Welcome to 2020
As I write this article it is currently 18 degrees and overcast; I had my office heater on when I arrived at work this morning and I am wondering when summer will arrive. However I know that when it does, we will have hot days, the Victorian Power Grid may struggle to cope and we will likely have power blackouts as demand exceeds supply and cool change storms roll in and knock over trees into power lines.
This all sounds like a doom and gloom way to start the year and decade, however it is important to prepare for seasonal change – and with more information than ever before available at the click of a button, I hope that the “20’s” are a decade that enables us all to be more proactive in all aspects of our lives.
A really good summary of what to do in a power blackout was extracted from an RACV message and shared with me by a Resident (thank-you to John T).
How to prepare for a blackout, and what to do when it hits.
Severe weather such as storms, high winds, lightning, floods and heatwaves are often to blame for power failure, especially if wild weather causes trees to fall across powerlines. Here is what the RACV recommends we do to prepare for power failure.
Before an outage ensure you have:
- A charged mobile phone.
- Alternatives to mains lighting such as torches, LED lanterns or candles.
- A battery-powered radio for updates on outages and weather.
- An alternative if you have life-saving equipment such as an oxygen concentrator.

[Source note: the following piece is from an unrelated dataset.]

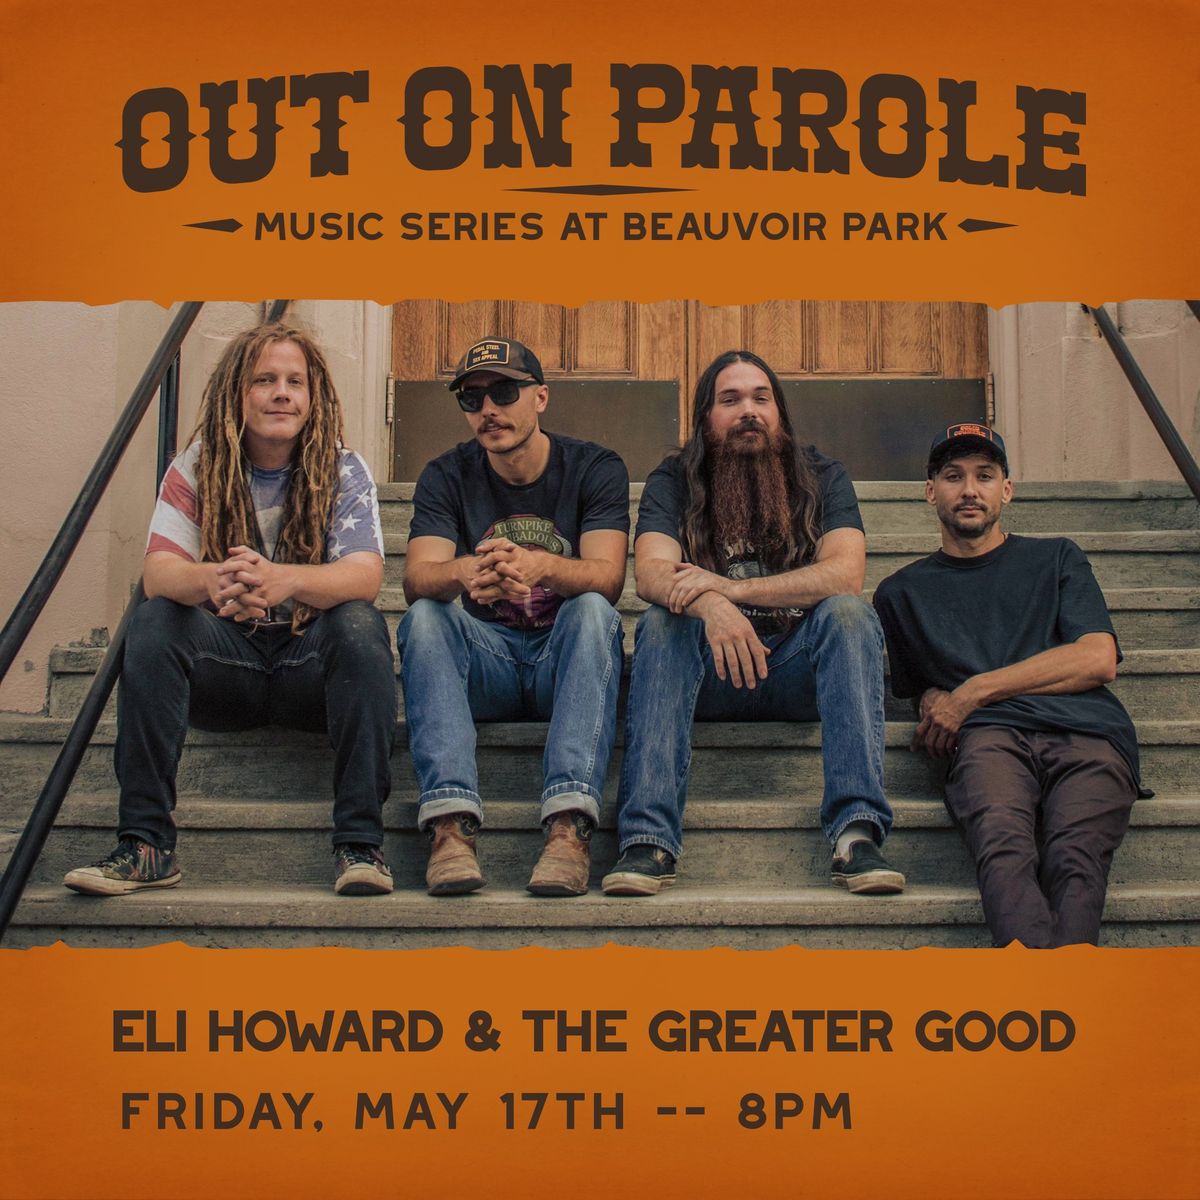 Federales Fest presents 'Out on Parole' with Eli Howard & The Greater Good at Beauvoir Park!
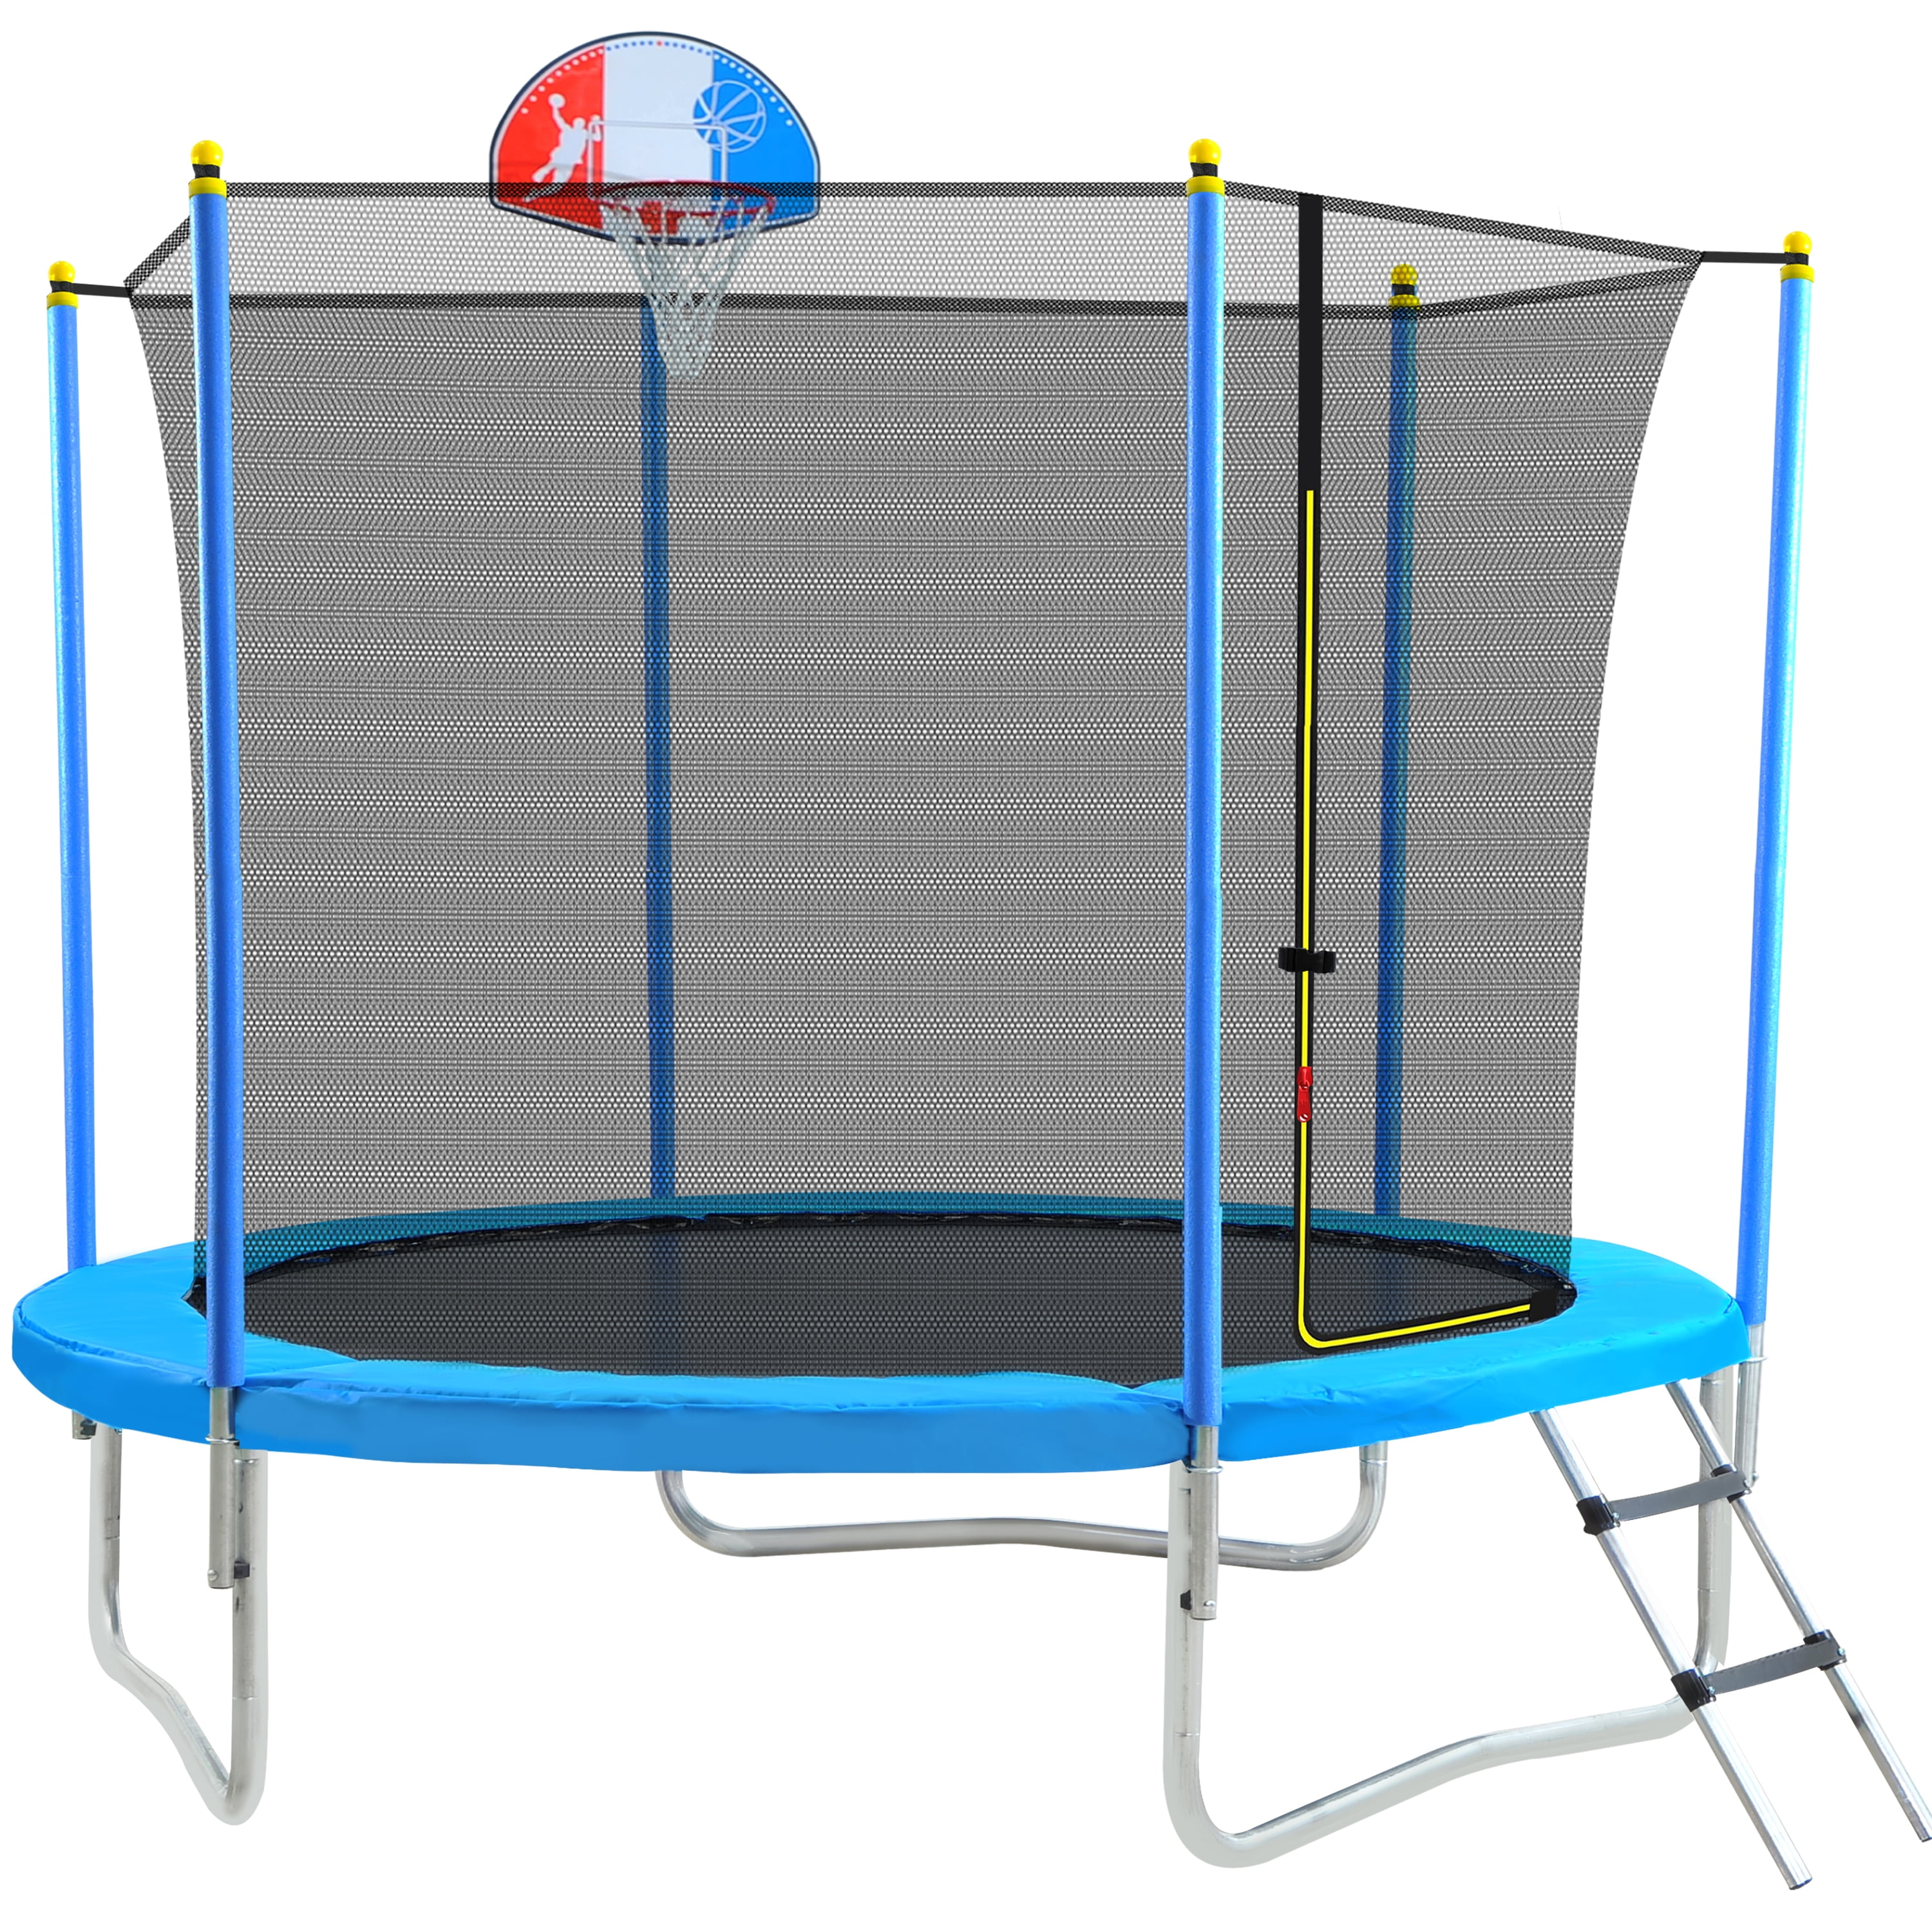 8FT Outdoor Premium Trampoline With Enclosure Safety Net Padded Poles Anchor Kit

- A list of important phone numbers.
- If it’s a planned outage, set your freezer and fridge to the coldest setting and freeze some of the items from your fridge.
During an outage:
- Turn off and unplug all electrical appliances to prevent damage from a power surge when electricity is restored.
- Check if your neighbours have lost power and if they haven’t, check that your safety switch hasn’t tripped.
- Move food from fridge to freezer and only open fridge or freezer doors when necessary.
- The emergency nurse call system has a battery backup, however after a prolonged outage this may also lose power. If you need the nurse, call 0408 591 263
After an outage:
- Food that is still cold to touch (less than five degrees) can be eaten within four hours but after that must be thrown away.
- Freezers set at minus15 degrees can keep foods at safe temperatures for one to two days.
- Frozen food that has defrosted can be refrozen if it is still cold to touch or less than five degrees.
When Summer does finally arrive, remember to be proactive about your home security – lock your doors and don’t leave doors and windows open at night. If you don’t have air-conditioning in your unit, make use of the cool community centres and be certain to drink plenty of water.